St. Luke’s Ministerial Logbook 1875 - 1906
In 1894, Jewell County had 83 church organizations according to the Burr Oak Herald. However, there was only one Lutheran church in Jewell County at that time - St. Luke’s.
Many of the congregations and preaching places listed in the 1875 – 1906 St. Luke’s Ministerial Logbook have been lost to time. The Logbook includes records – mainly baptismal records – for 28 different congregations, including St. Luke’s. The pastors covered congregations in at least eight Kansas counties – Clay, Cloud, Jewell, Logan, McPherson, Meade, Norton and Philips. The pastors also traveled to several congregations across the state line in Nebraska.
In addition to St. Luke’s, congregations listed in the 1875 – 1906 St. Luke’s Ministerial Logbook were:
- Beaver Creek
- Bennington
- Buffalo Creek Scandinavian Lutheran Congregation
- Burtons Bend
- Clyde
- Crooked Creek
- Culbertson
- Decatur Centre
- Deer Creek
- Edmond
- Farmers Creek
- Fredericksburg
- Glasco Norwegian Evangelical Lutheran Congregation
- Indian Creek
- Long Island
- Morgan City Congregation
- Morgantown/Morganville Evangelical Lutheran Congregation
- Nielsburg
- Plum Creek
- Scandia
- Shannon Creek
- Sirdahl/Sirdala Congregation
- Spillman Creek
- Spring Creek
- St. Johannes Danish Scandinavian Congregation
- White Rock
- Zion
St. Luke’s Ministerial Logbook 1907 – 1956
Although the St. Luke’s pastors continued to use a Logbook published in Norwegian, the pastors began writing their records in English in 1907.
This Logbook has survived and is stored in a safety deposit box. Plans include scanning the pages of the Logbook and making those images available on this website.
Church Parishes
Throughout the history of St. Luke’s, the congregation joined with other nearby churches to share the services – and costs – of a shared pastor. This practice started in 1880 when the St.
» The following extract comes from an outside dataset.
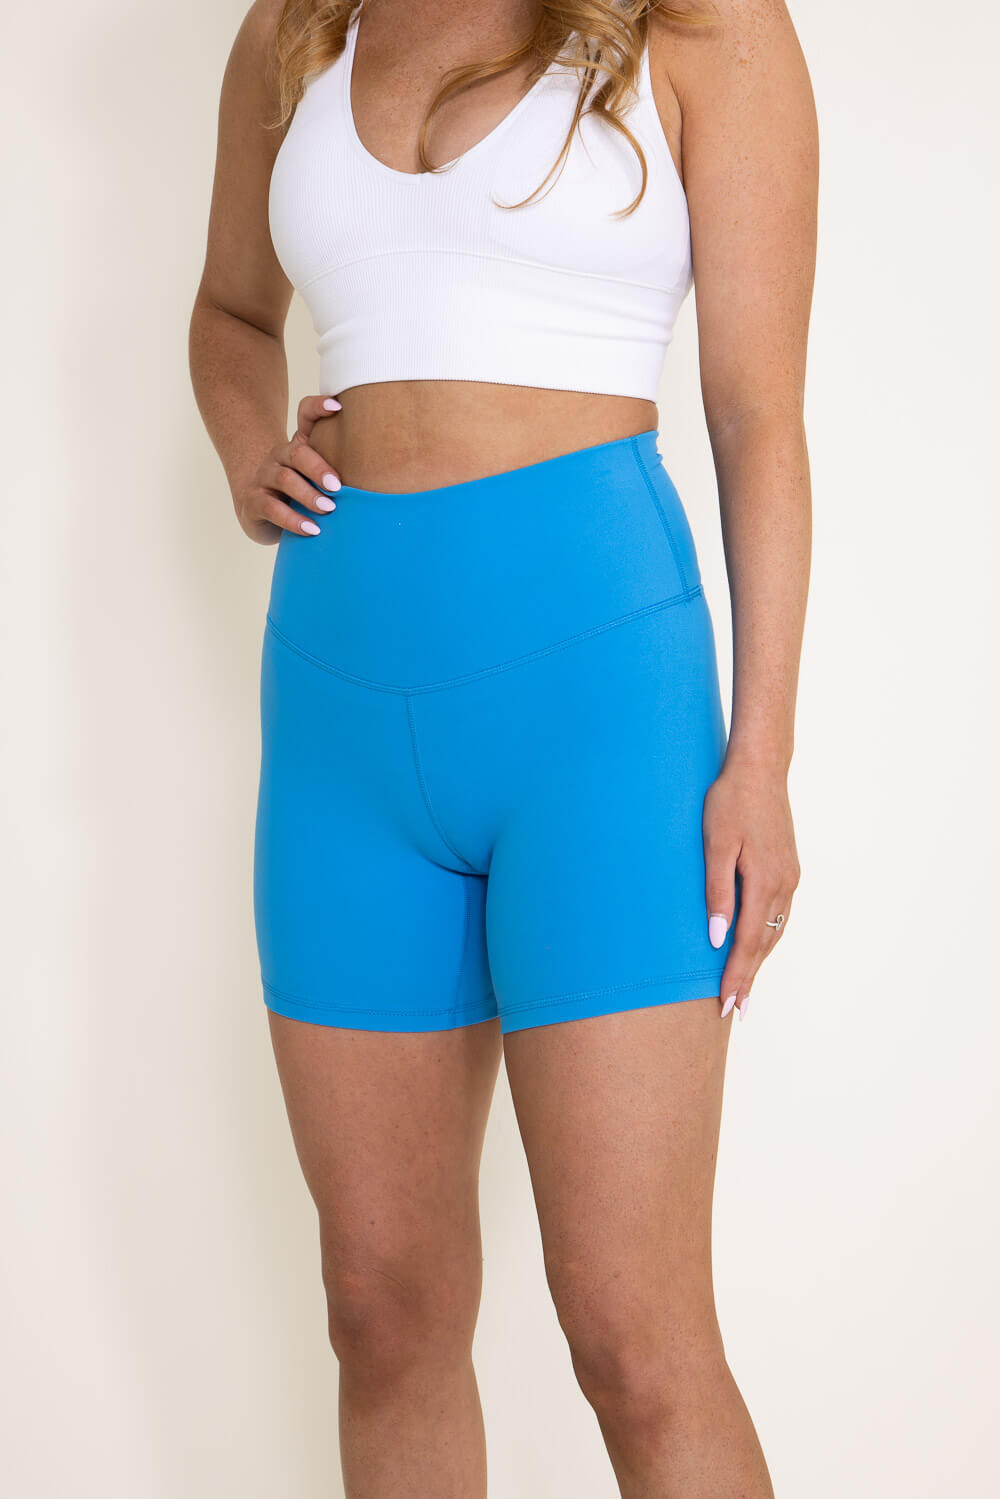 The most comfortable shortsshorts – Northern Baller

Luke’s congregation officially become a member of a parish served by Pastor E. O. Dale. The churches and preaching places were at Mankato, St. Luke’s, White Rock, Glasco, Morganville (then called Morgantown) and St. John’s (northeast of Jamestown.)
Glasco, St. John’s, and St. Luke’s formed a separate parish in 1882. This parish built a parsonage in Jamestown.
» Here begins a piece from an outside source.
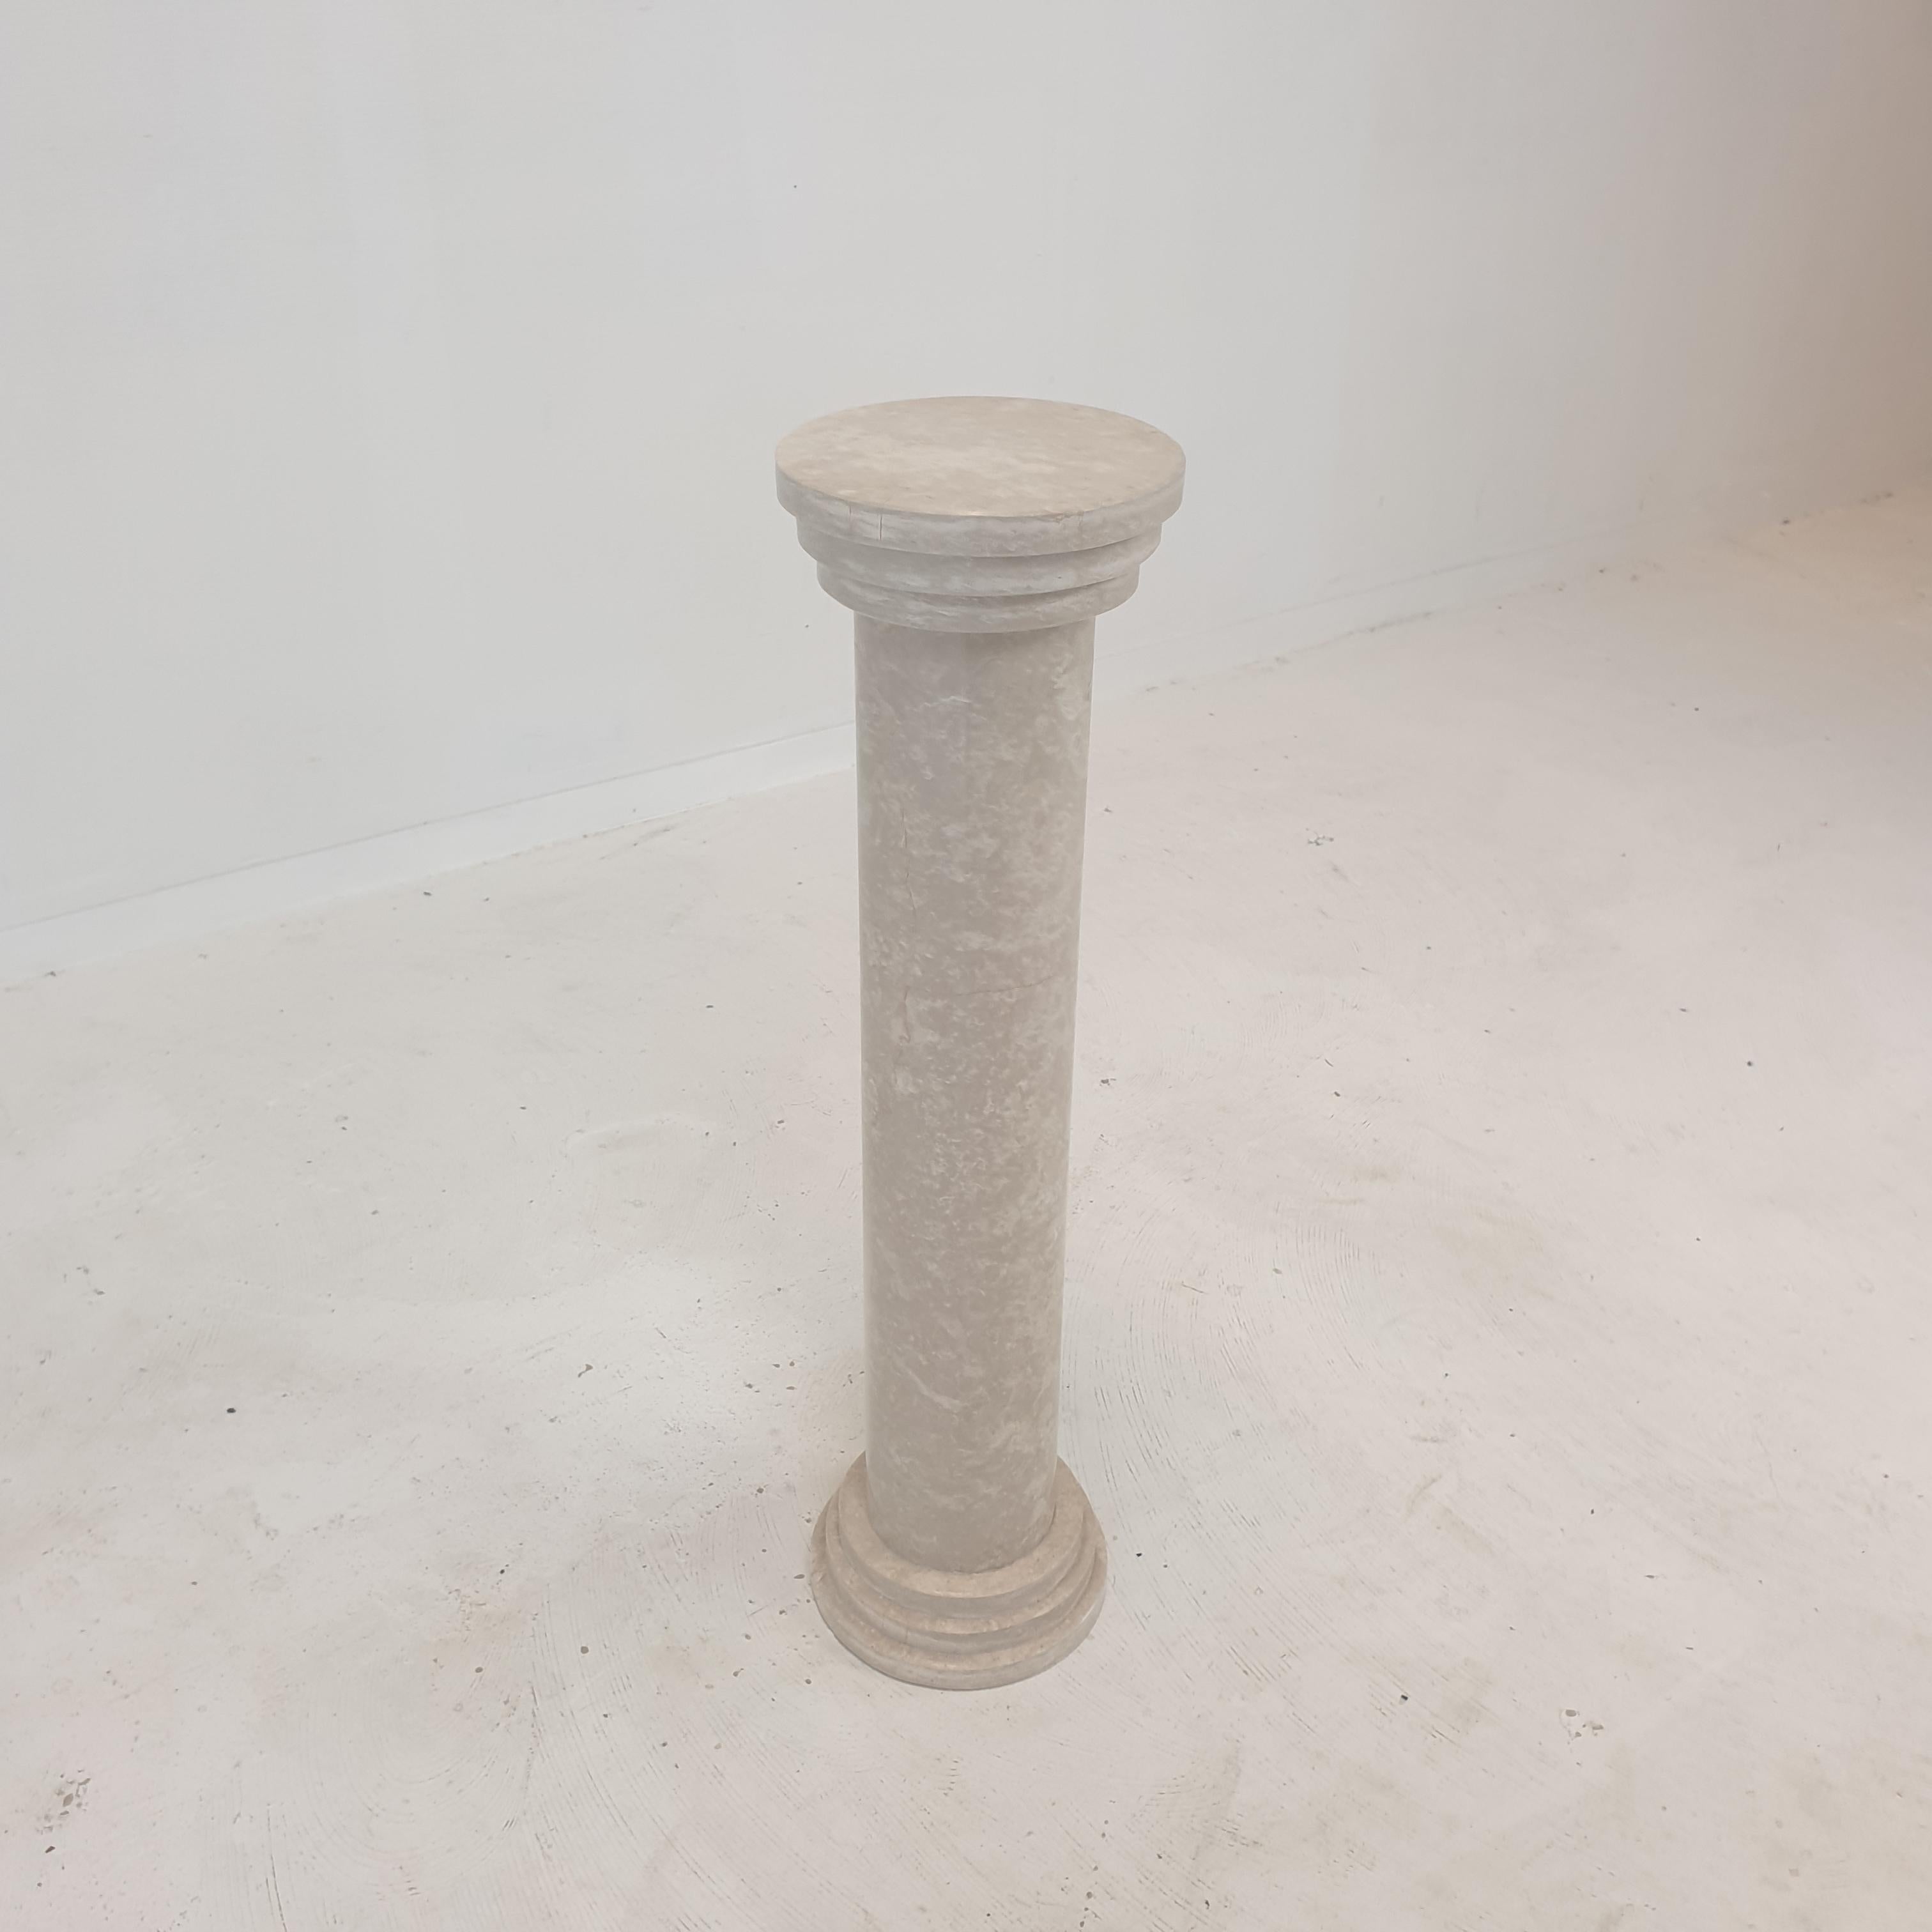 Italian Travertine Side Table or Pedestal, 1980s For Sale 1

In 1906, the congregations of St. Luke’s and Our Savior’s Lutheran Church at Norway formed a new parish that did not include the Glasco or St. John’s churches. The pastor and his family lived in the parsonage at Norway.
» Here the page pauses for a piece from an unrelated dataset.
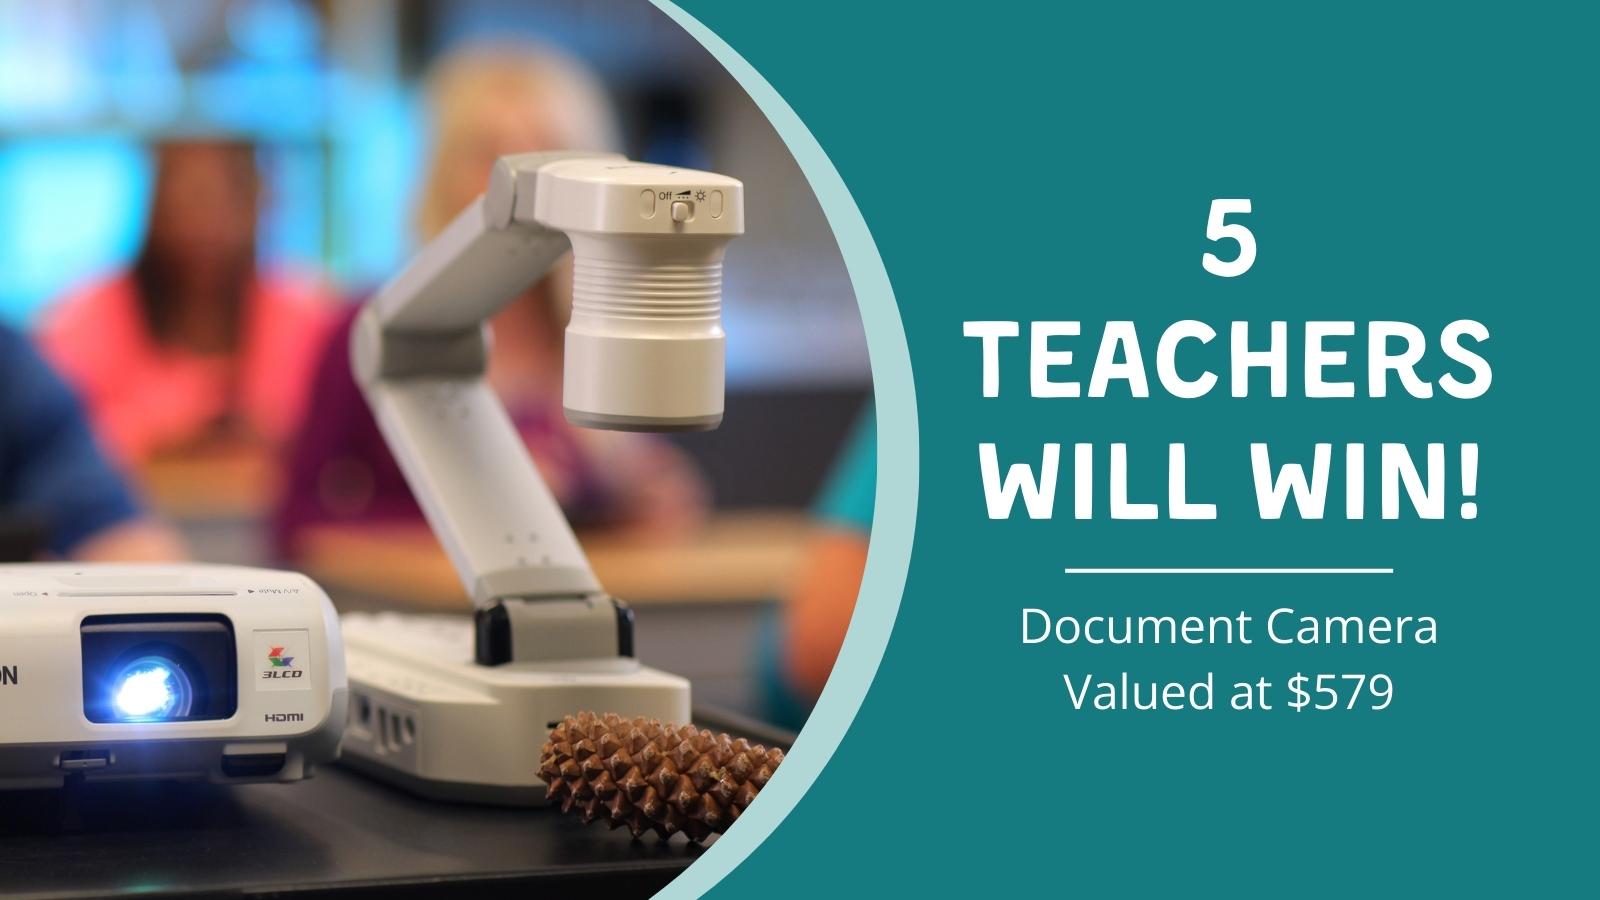 Epson Document Camera Giveaway

The church in Mankato joined with St. Luke’s and the Norway church in 1915. The three churches remained in the same parish nearly thirty years, briefly adding a new Lutheran congregation in Concordia.
Sometime after 1942, the churches in Mankato and Concordia each called a resident pastor. Norway and St. Luke’s continued as a single parish until St. Luke’s closed in 1956.